At the same time, I've been trying to reevaluate my backup needs at home. I decided I wanted to get all my data onto my laptop, including my music collection, so I never had to use our flaky sucky desktop computer. So, I upgraded to a 320GB drive in the laptop, which is great, but it's now the biggest drive in the house, so I can't conveniently back it up to an external drive like I used to without spending more money on a new, bigger external drive.
I've also just got a new flash memory based Hi-def camcorder (the Canon HF100, which I'm very enamored with so far). Flash is convenient, but I can't just keep a box of tapes around the house anymore, and I'm sure as heck not going to buy a new card every time it fills up (at today's prices, anyway). So, I needed to calculate some way to store my "
magical moving graven images" as part of my backup strategy.
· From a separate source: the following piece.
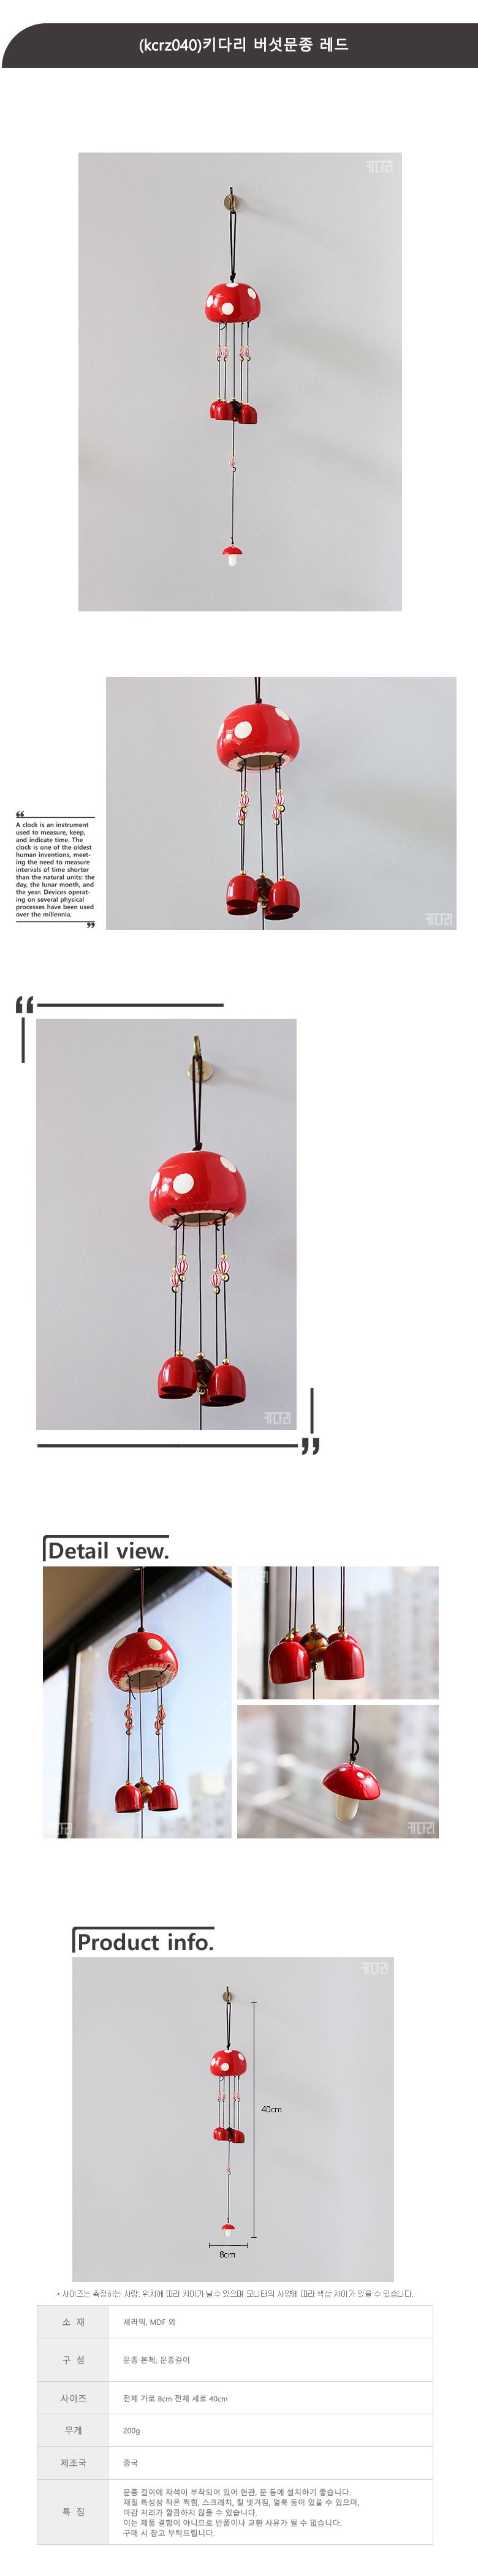 (kcrz040)키다리 버섯문종 레드 - 키다리, 10,400원, 장식/부자재, 벽장식

My needs at home are fairly simple. I just want all my data backed up, and I don't want to have to fiddle with anything to make it happen. I want a backup off-site, as well. I used to use Time Machine (OS X built-in backup magic), but I'm stuck with a couple of it's limitations, now. Time Machine's usefulness only comes when the external drive you're backing up to is larger than your computer's drive. Time Machine can back up a smaller data set than your whole drive, but unlike other backup programs, you don't tell Time Machine what you want it to back up. Instead, it defaults to the whole drive, and you have to go in and tell it what you
don't want backed up. I find the interface for setting exclusions to be a little cumbersome and time-consuming, especially if the only thing you actually want to back up is buried several directories deep on your hard drive. Additionally, Time Machine doesn't provide me any off-site backup unless I use a different external hard drive and take it somewhere, which isn't a huge hassle, but gets out of date unless I bring it back and swap frequently.
My needs at work are simple also. I need all the patient data to never go away or go bad ever for any length of time. The actual implementation of this ideal is a little more complicated though.
The server's got a mirrored RAID, so that addresses the problem of immediate hard drive failure, but then I need something external to the server to handle the case of complete server meltdown or database corruption, neither of which RAID can help with. So, I back up to tape every night. But, there may be cases where some problem or change happens that we don't catch right away, and need to go back a few days. So, I set up a week's worth of backup tapes to be able to go back to any point during that week. I may need to go back farther than that, so I've got a set of tapes alternating weekly backups so that I can go back a couple of weeks if necessary (although not necessarily to the precise date that I want). And I need offsite for disaster recovery, so I alternate a set of monthly tapes and take one with me every month.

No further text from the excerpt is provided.